### Work required
Keeping every word in place, write out the entries that come next.

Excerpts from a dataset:
..............................

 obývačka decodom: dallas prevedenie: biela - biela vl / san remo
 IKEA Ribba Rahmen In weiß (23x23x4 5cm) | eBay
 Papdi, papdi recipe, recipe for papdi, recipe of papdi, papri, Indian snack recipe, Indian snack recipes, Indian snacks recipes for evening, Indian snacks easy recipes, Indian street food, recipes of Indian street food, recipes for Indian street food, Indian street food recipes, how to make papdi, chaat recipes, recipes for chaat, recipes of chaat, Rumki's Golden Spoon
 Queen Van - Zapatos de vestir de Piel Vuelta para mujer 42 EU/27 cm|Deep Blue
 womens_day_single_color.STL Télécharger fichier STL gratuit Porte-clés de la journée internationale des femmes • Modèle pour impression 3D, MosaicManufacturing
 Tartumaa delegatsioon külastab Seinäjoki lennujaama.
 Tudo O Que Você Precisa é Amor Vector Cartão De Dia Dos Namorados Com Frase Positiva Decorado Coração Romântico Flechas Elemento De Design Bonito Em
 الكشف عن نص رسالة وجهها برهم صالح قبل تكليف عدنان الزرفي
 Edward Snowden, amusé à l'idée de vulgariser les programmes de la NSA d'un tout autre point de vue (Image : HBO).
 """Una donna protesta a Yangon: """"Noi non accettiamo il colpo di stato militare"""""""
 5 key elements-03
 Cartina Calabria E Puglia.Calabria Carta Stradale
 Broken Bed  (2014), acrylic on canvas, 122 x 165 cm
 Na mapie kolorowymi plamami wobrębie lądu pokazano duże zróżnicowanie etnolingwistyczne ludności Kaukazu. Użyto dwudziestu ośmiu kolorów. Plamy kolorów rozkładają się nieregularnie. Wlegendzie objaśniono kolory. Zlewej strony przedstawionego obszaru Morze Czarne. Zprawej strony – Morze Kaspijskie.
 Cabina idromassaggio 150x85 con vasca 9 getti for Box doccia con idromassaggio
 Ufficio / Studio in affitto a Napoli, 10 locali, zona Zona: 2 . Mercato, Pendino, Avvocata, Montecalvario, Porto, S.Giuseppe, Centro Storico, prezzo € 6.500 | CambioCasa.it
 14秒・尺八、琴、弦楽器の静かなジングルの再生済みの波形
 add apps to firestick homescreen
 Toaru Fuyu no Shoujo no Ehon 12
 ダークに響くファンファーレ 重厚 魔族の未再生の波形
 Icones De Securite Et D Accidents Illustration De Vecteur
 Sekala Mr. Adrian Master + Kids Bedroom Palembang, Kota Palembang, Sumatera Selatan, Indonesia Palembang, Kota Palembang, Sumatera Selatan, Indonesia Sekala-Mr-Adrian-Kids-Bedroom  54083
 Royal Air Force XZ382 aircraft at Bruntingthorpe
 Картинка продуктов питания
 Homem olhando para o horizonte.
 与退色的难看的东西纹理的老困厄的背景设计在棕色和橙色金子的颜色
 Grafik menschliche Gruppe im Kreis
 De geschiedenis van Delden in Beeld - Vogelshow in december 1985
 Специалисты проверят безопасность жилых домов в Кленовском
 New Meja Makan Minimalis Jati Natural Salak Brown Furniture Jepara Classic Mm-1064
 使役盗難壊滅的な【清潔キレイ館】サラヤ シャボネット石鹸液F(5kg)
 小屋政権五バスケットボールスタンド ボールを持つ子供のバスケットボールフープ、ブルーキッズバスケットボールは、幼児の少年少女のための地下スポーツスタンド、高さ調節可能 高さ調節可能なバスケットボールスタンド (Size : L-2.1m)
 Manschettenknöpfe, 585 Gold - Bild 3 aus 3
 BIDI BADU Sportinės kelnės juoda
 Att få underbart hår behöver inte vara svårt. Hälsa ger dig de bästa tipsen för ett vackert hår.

..............................

### Answer to this exercise
 obývačka decodom: dallas prevedenie: biela - biela vl / san remo
 IKEA Ribba Rahmen In weiß (23x23x4 5cm) | eBay
 Papdi, papdi recipe, recipe for papdi, recipe of papdi, papri, Indian snack recipe, Indian snack recipes, Indian snacks recipes for evening, Indian snacks easy recipes, Indian street food, recipes of Indian street food, recipes for Indian street food, Indian street food recipes, how to make papdi, chaat recipes, recipes for chaat, recipes of chaat, Rumki's Golden Spoon
 Queen Van - Zapatos de vestir de Piel Vuelta para mujer 42 EU/27 cm|Deep Blue
 womens_day_single_color.STL Télécharger fichier STL gratuit Porte-clés de la journée internationale des femmes • Modèle pour impression 3D, MosaicManufacturing
 Tartumaa delegatsioon külastab Seinäjoki lennujaama.
 Tudo O Que Você Precisa é Amor Vector Cartão De Dia Dos Namorados Com Frase Positiva Decorado Coração Romântico Flechas Elemento De Design Bonito Em
 الكشف عن نص رسالة وجهها برهم صالح قبل تكليف عدنان الزرفي
 Edward Snowden, amusé à l'idée de vulgariser les programmes de la NSA d'un tout autre point de vue (Image : HBO).
 """Una donna protesta a Yangon: """"Noi non accettiamo il colpo di stato militare"""""""
 5 key elements-03
 Cartina Calabria E Puglia.Calabria Carta Stradale
 Broken Bed  (2014), acrylic on canvas, 122 x 165 cm
 Na mapie kolorowymi plamami wobrębie lądu pokazano duże zróżnicowanie etnolingwistyczne ludności Kaukazu. Użyto dwudziestu ośmiu kolorów. Plamy kolorów rozkładają się nieregularnie. Wlegendzie objaśniono kolory. Zlewej strony przedstawionego obszaru Morze Czarne. Zprawej strony – Morze Kaspijskie.
 Cabina idromassaggio 150x85 con vasca 9 getti for Box doccia con idromassaggio
 Ufficio / Studio in affitto a Napoli, 10 locali, zona Zona: 2 . Mercato, Pendino, Avvocata, Montecalvario, Porto, S.Giuseppe, Centro Storico, prezzo € 6.500 | CambioCasa.it
 14秒・尺八、琴、弦楽器の静かなジングルの再生済みの波形
 add apps to firestick homescreen
 Toaru Fuyu no Shoujo no Ehon 12
 ダークに響くファンファーレ 重厚 魔族の未再生の波形
 Icones De Securite Et D Accidents Illustration De Vecteur
 Sekala Mr. Adrian Master + Kids Bedroom Palembang, Kota Palembang, Sumatera Selatan, Indonesia Palembang, Kota Palembang, Sumatera Selatan, Indonesia Sekala-Mr-Adrian-Kids-Bedroom  54083
 Royal Air Force XZ382 aircraft at Bruntingthorpe
 Картинка продуктов питания
 Homem olhando para o horizonte.
 与退色的难看的东西纹理的老困厄的背景设计在棕色和橙色金子的颜色
 Grafik menschliche Gruppe im Kreis
 De geschiedenis van Delden in Beeld - Vogelshow in december 1985
 Специалисты проверят безопасность жилых домов в Кленовском
 New Meja Makan Minimalis Jati Natural Salak Brown Furniture Jepara Classic Mm-1064
 使役盗難壊滅的な【清潔キレイ館】サラヤ シャボネット石鹸液F(5kg)
 小屋政権五バスケットボールスタンド ボールを持つ子供のバスケットボールフープ、ブルーキッズバスケットボールは、幼児の少年少女のための地下スポーツスタンド、高さ調節可能 高さ調節可能なバスケットボールスタンド (Size : L-2.1m)
 Manschettenknöpfe, 585 Gold - Bild 3 aus 3
 BIDI BADU Sportinės kelnės juoda
 Att få underbart hår behöver inte vara svårt. Hälsa ger dig de bästa tipsen för ett vackert hår.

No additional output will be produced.